Bruno Oscar Klein (6 June 1858 — 22 June 1911) was an American composer and organist of German origin.  He wrote a number of works for orchestra, some chamber music, church music, and a large number of songs.

Life and career
Born in Osnabrück, Klein began his musical training in piano and composition with his father who made a living as an organist. He then studied at the Munich Conservatory (MC) from 1875-1878 where he was a pupil of Carl Baermann, Josef Rheinberger, and Franz Wüllner.

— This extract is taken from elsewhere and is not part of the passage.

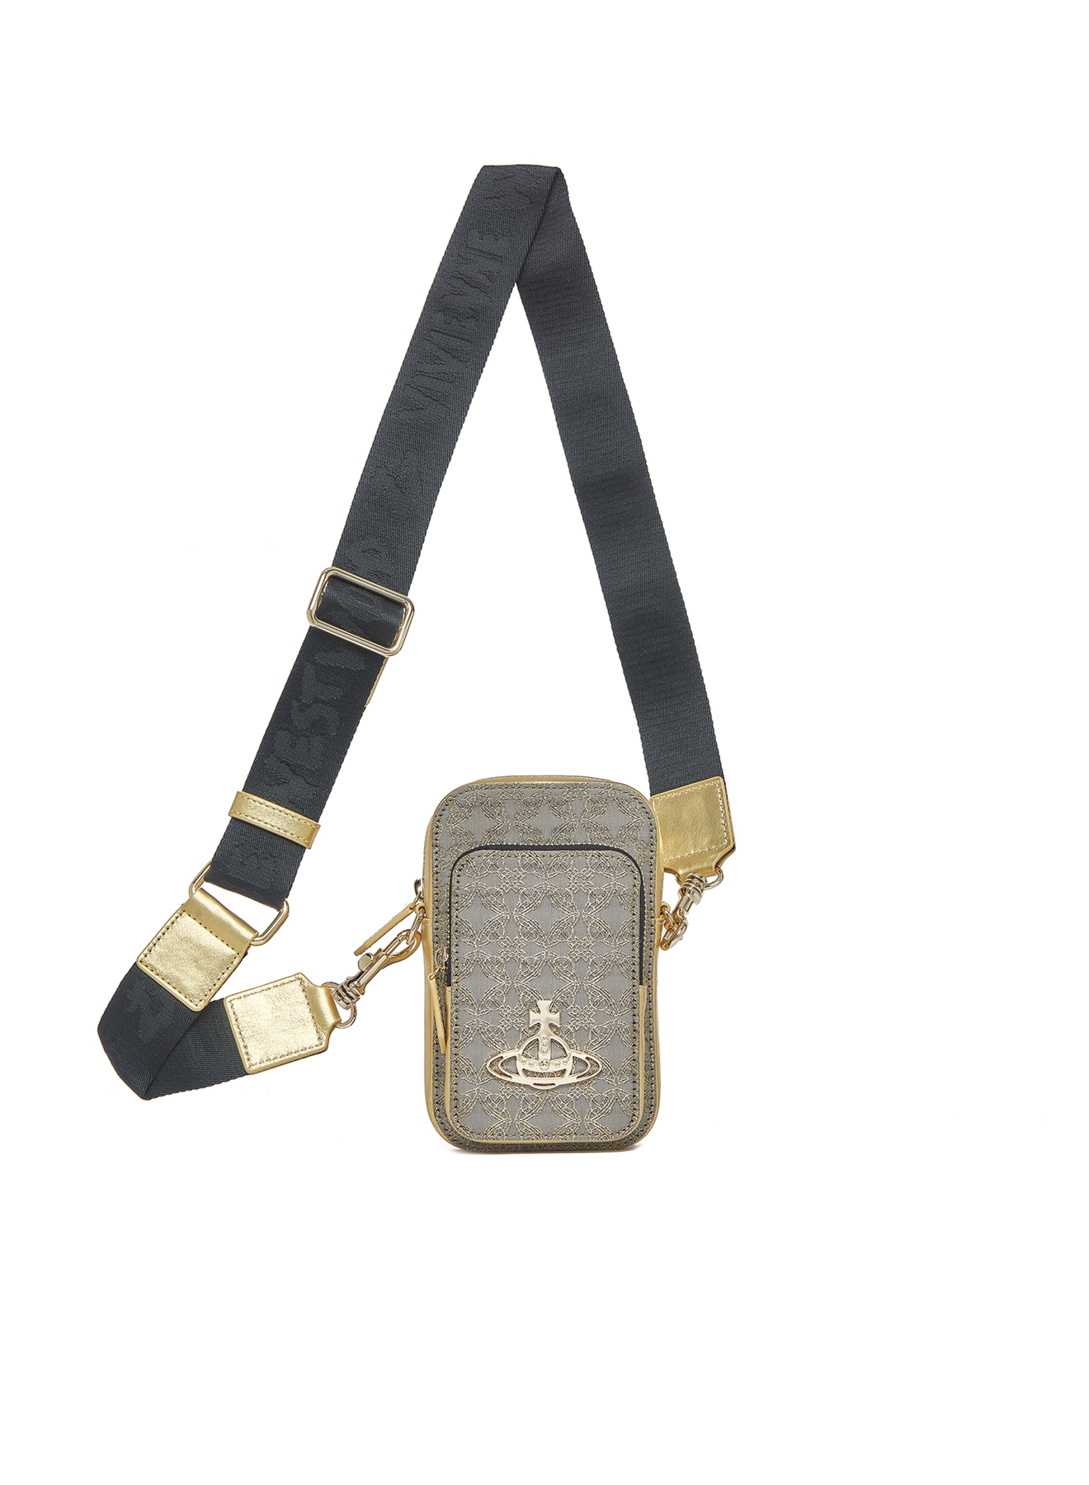 Vivienne Westwood Phone Bag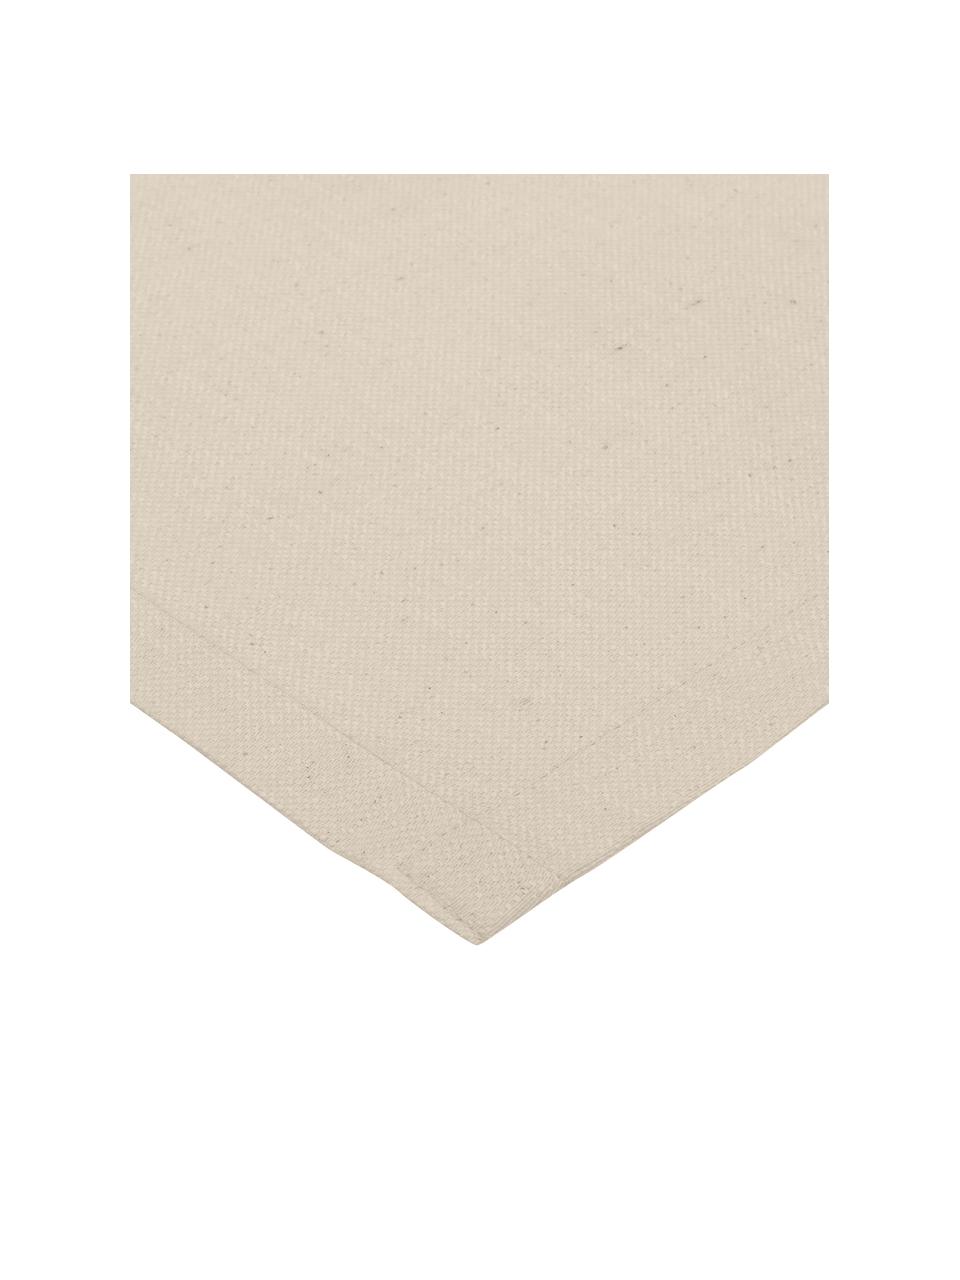 Tischläufer Riva aus Baumwollgemisch in Beige, 55% Baumwolle, 45% Polyester, Beige, B 40 x L 150 cm

After graduating from the MC, Klein came to the United States in 1878 at the age of 20, He settled in New York City where he became involved with managing the German Theatre on Madison Ave during the early 1880s. He served as the head of the piano department at the Convent of the Sacred Heart from 1884 until his death 27 years later. In 1894-1895 he returned to Germany to perform as a concert soloist. His opera Kenilworth premiered in Hamburg in 1895. He was also the organist at the Church of Saint Francis Xavier for ten years and taught on the faculty at the National Conservatory of Music of America. He also taught music out of a private studio. Among his pupils was composer and organist Paul Ambrose.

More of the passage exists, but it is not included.